Regimbartia attenuata

Scientific classification
- Kingdom: Animalia
- Phylum: Arthropoda
- Class: Insecta
- Order: Coleoptera
- Suborder: Polyphaga
- Infraorder: Staphyliniformia
- Family: Hydrophilidae
- Genus: Regimbartia
- Species: R. attenuata
- Binomial name: Regimbartia attenuata (Fabricius, 1801)
- Synonyms: Brachygaster indicus Mulsant, 1853 ; Brachygaster metallescens Mulsant, 1853 ; Hydrophilus attenuatus Fabricius, 1801 ; Volvulus aeneus Brullé, 1835 ; Volvulus profundus Sharp, 1873 ; Volvulus scaphiformis Fairmaire, 1879 ;

= Regimbartia attenuata =

- Genus: Regimbartia
- Species: attenuata
- Authority: (Fabricius, 1801)

Species of beetle

Regimbartia attenuata, commonly known as Japanese water scavenger beetle, is a species of water scavenger beetle widely distributed in the Old World, from northern Australia
and Japan westward to the countries of Arabian Peninsula, including Oman and Yemen. It is the only species of the genus occurring in the Arabian Peninsula.

==Distribution==
It is found in India, Sri Lanka, Pakistan, Philippines, Sunda Islands, Australia, Japan, Formosa, Indonesia, Cambodia, Cochin-china, and Indochina.

==Description==
The larval stage of the species is extensively described. Adult female lay eggs in egg cases on substrate such as leaves. Larva has almost symmetrical clypeolabrum, elongated prementum. Third instar larva is metapneustic. Body slender with strong setiferous projections. Thorax and abdomen consists with short to long, membranous projections. Body greyish white in color with brownish sclerotised parts. Head capsule is yellowish brown which is subquadrate, attenuated posteriad. Cervical sclerites are large, and subrectangular. Long, slender antenna with 3 segments. Mandibles slender, and slightly asymmetrical. Maxilla consists with 6-segments, and are slightly longer than antenna. Thoracic membrane covered with fine cuticular pubescence. Abdomen with 10 segments and tapering posteriorly.
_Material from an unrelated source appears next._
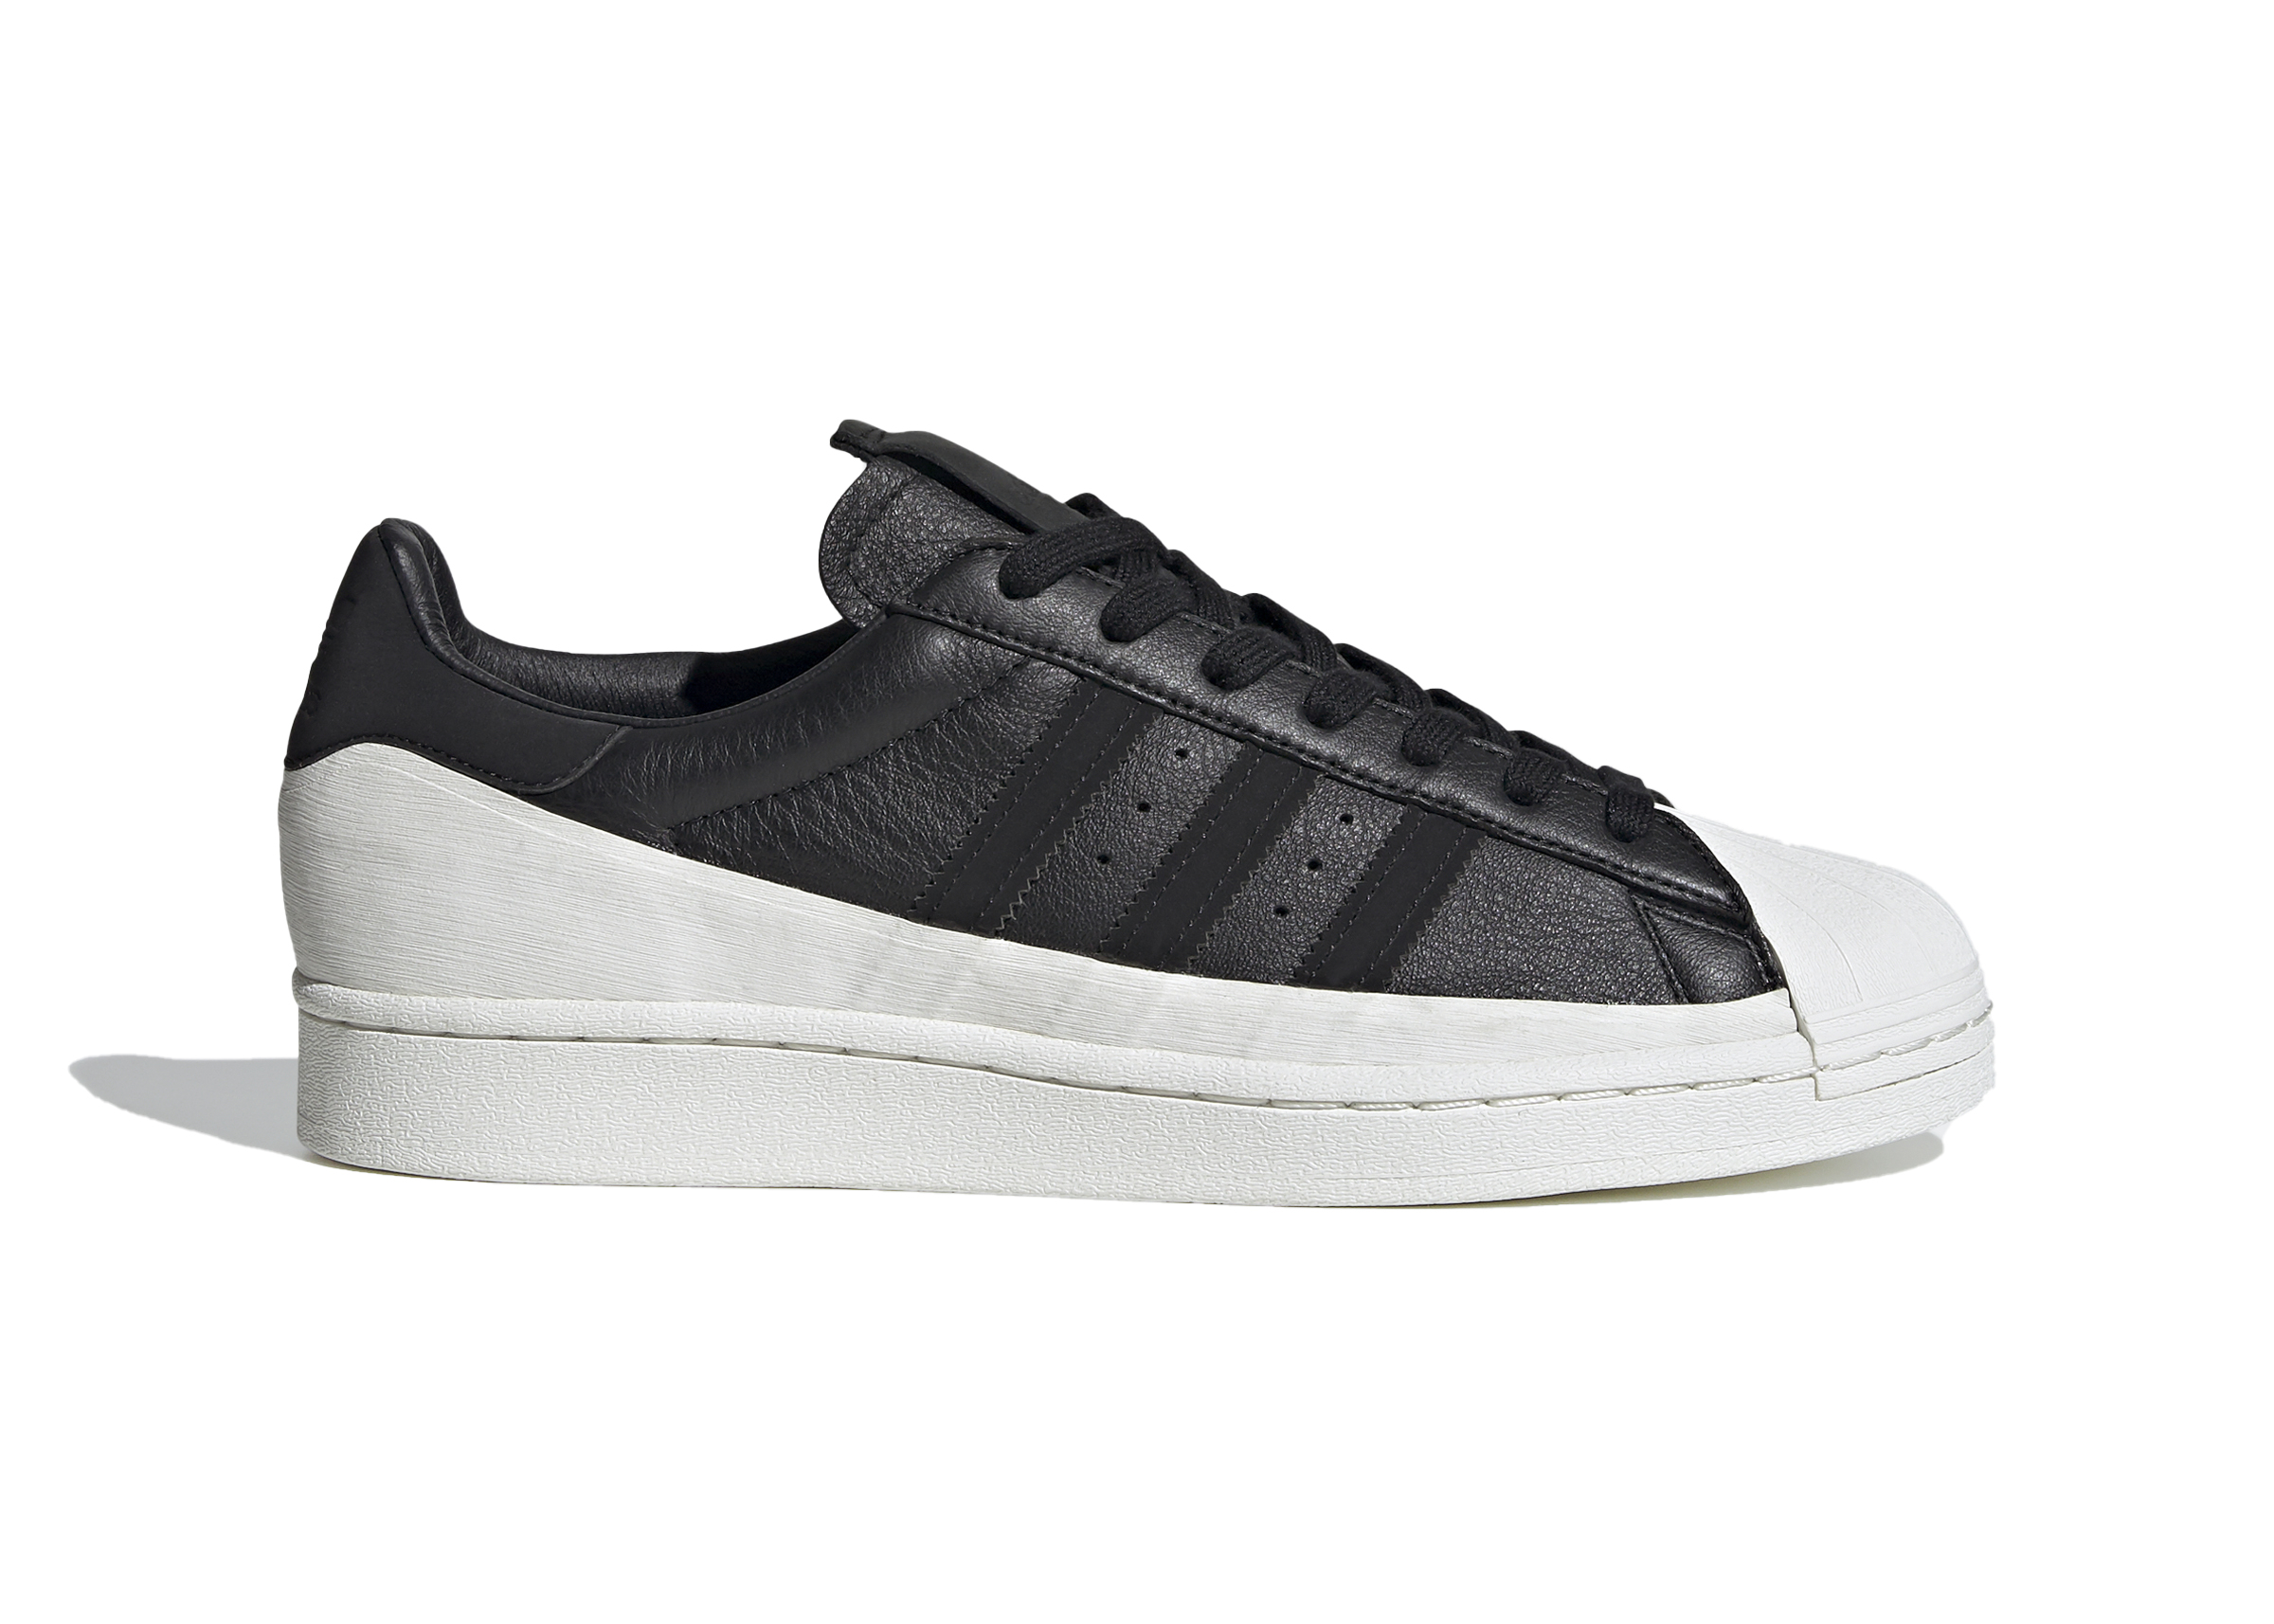 Adidas Superstar MG Core BlackOff White FV3025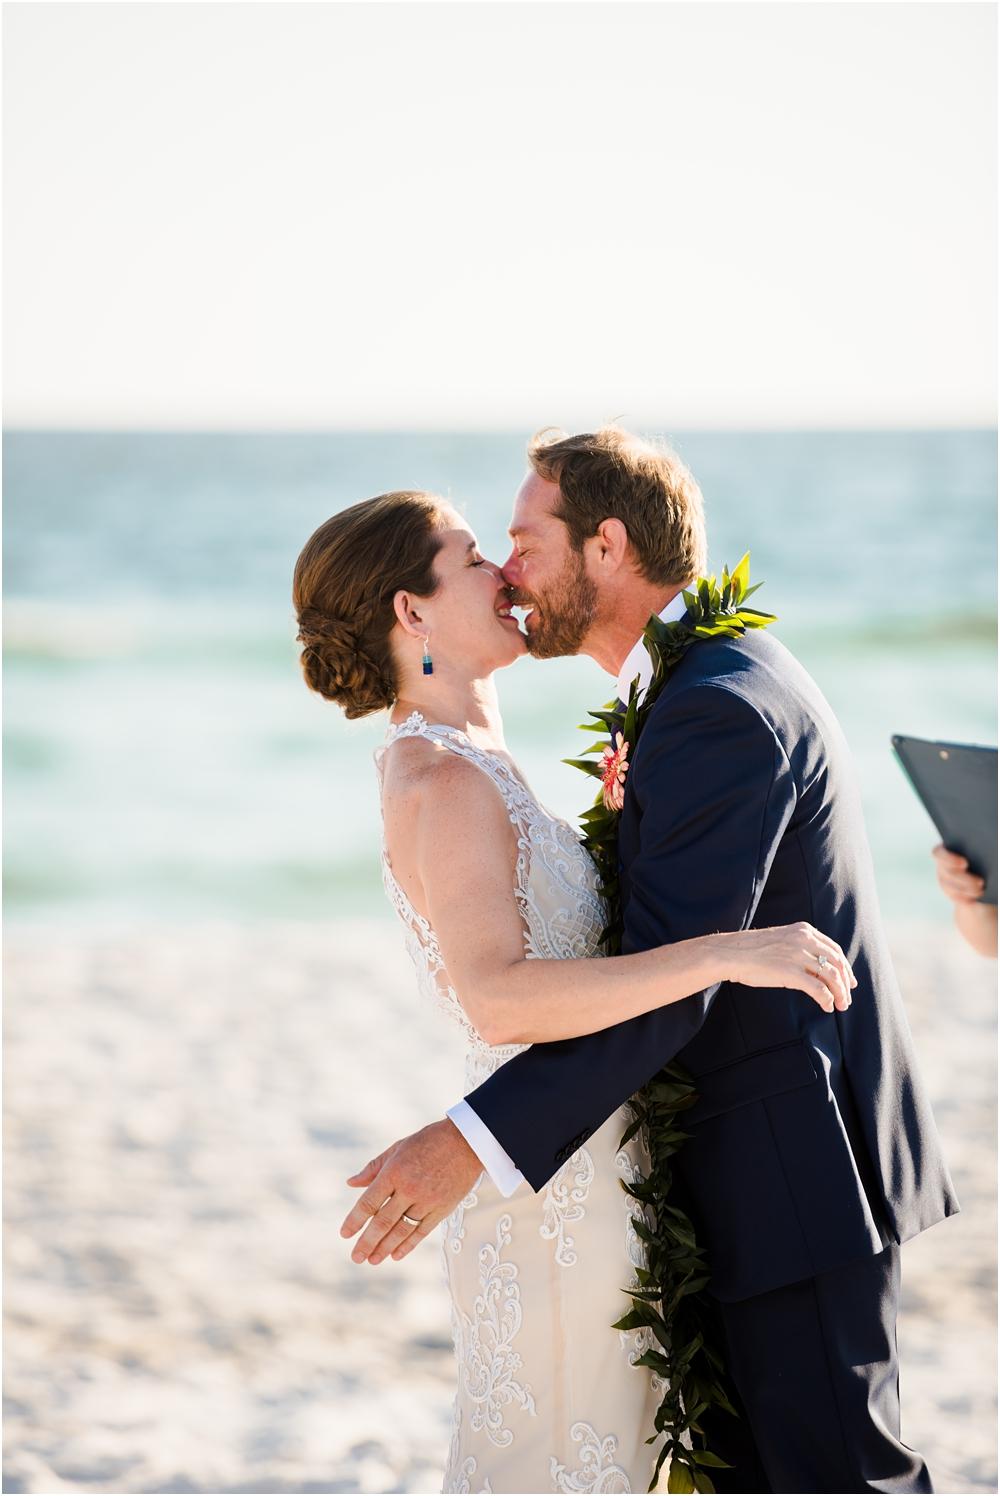 ledman-wedding-kiersten-stevenson-photography-30a-panama-city-beach-dothan-tallahassee-(239-of-763).JPG

There are 12 setiferous, membranous projections on abdomen.

Adult beetles have antennae composed of 8 segments (5+3).

==Biology==
The species is an important link in the diet of many amphibians. Adult beetles were easily eaten by the frog species Pelophylax nigromaculatus, but about 90% of swallowed beetles are excreted quickly. Surprisingly, the beetles survive. Water beetles carry oxygen under their exoskeleton. The exoskeleton protects the beetle from digestive juices in the frog. It allows the beetle to survive in the digestive system of the frog.

Adult beetles are identified as the natural hosts of the fungus Autoicomyces falcifer. Adults are usually found from rabbit carcasses.